Hundreds of millions of people suffer from autoimmune diseases, which include rheumatoid arthritis, diabetes, multiple sclerosis and Crohn’s Disease.

Many academic labs, biomedical research institutions, and pharmaceutical companies are working hard to better understand autoimmune disorders and infectious diseases that attack the immune system.

Five to six years ago, researchers were able to sequence hundreds of immune-system molecules (like antibodies) in the human body. Today they can sequence tens of millions.

Insights from data

These data are making the human immune system less of a black box as they reveal the construction of the immune system along with the how, why, and when our body responds to various diseases.

This is critical for studying autoimmune diseases and developing medical techniques that augment or use our immune system, such as vaccines, therapeutic antibodies, and cancer immunotherapies, to name a few.

However, storing, organizing, and analyzing these data has become a rapidly escalating big-data challenge.

Research software

To facilitate this study of immunogenetics, researchers at Simon Fraser University in Vancouver, Canada have created a Research Software Platform called iReceptor.

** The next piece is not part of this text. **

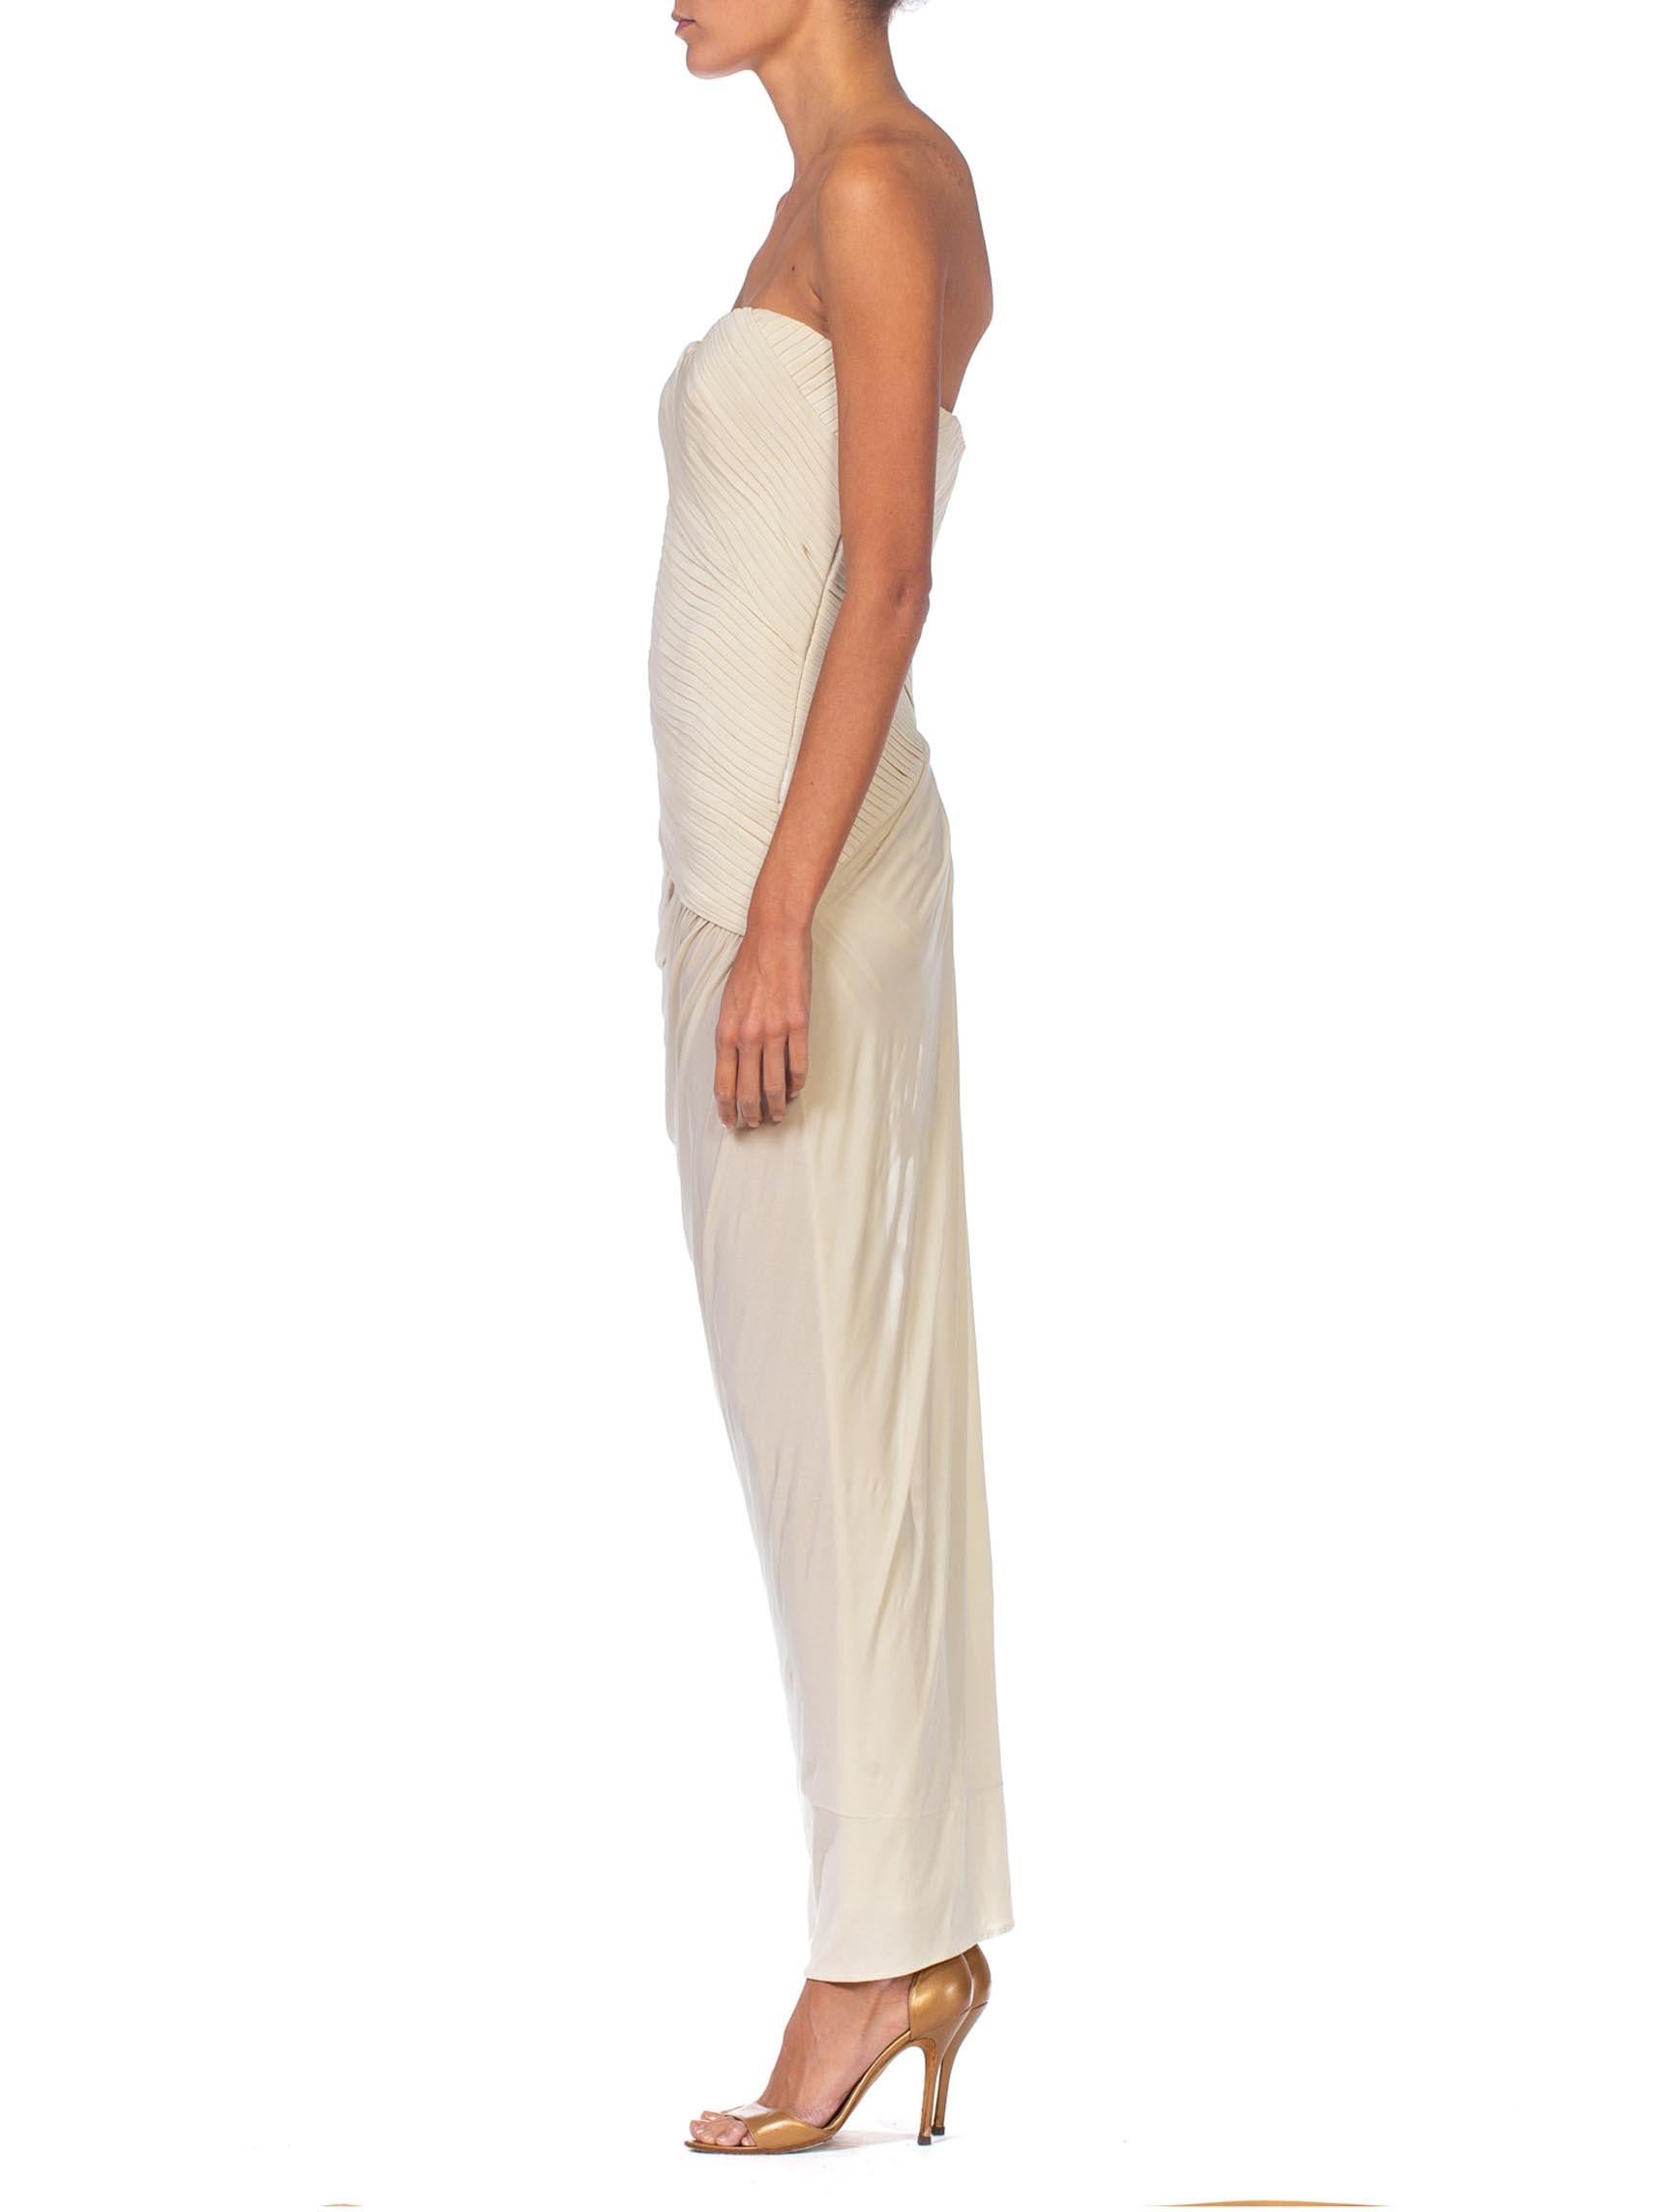 Women's 1990's Donna Karen Strapless Oyster White Jersey Gown With Built In Bustier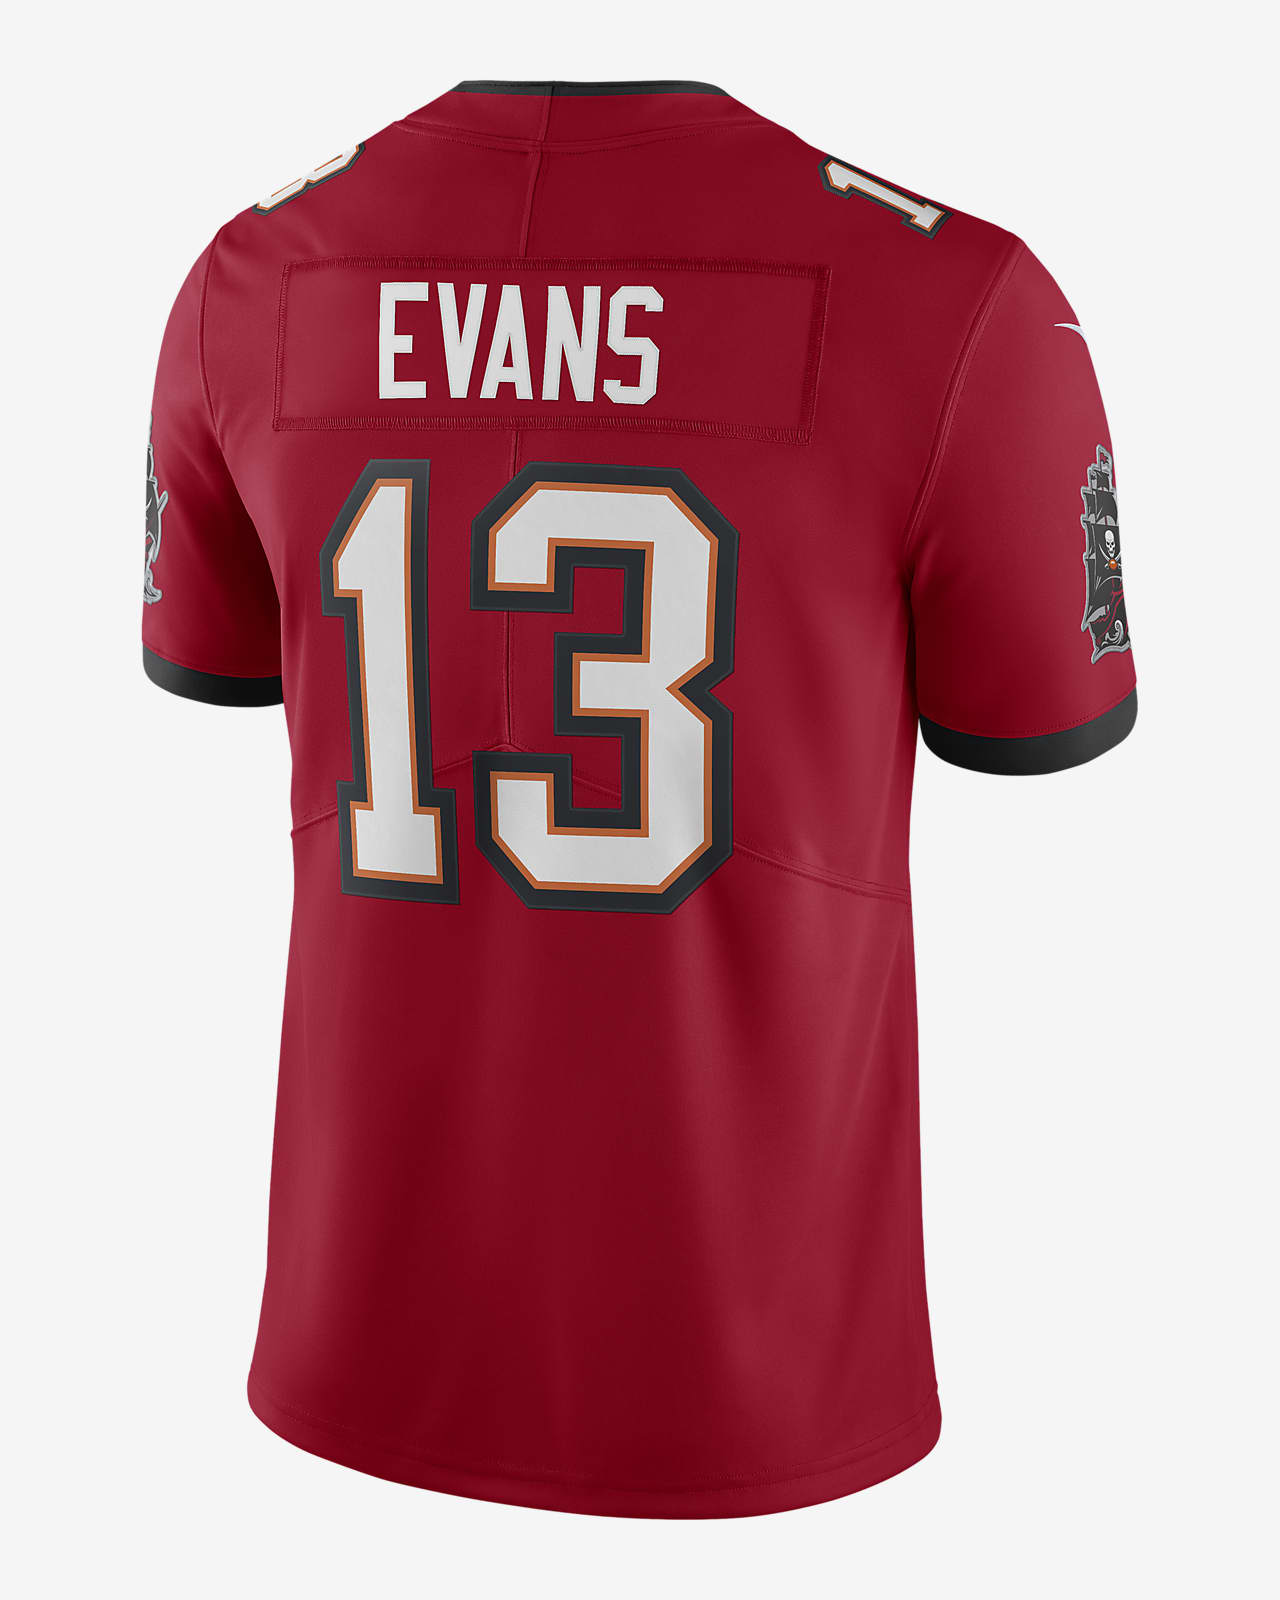 mike evans jersey

A secure, distributed database, this tool enables researchers to share and analyze huge datasets via National Research and Education Networks.

What makes this tool particularly exciting is its ability to include metadata (such as gender, ethnicity, treatment, and outcome), allowing researchers to understand which conditions activate or suppress various immune system genes.

Because iReceptor pools scarce data in a secure way, research from multiple angles of a specific condition can illuminate immune system failures, pointing to clinical treatments for rare conditions as well as commonly occurring diseases.

And that opens up a whole new era of better treatments and even cures for the 80+ autoimmune diseases known to us.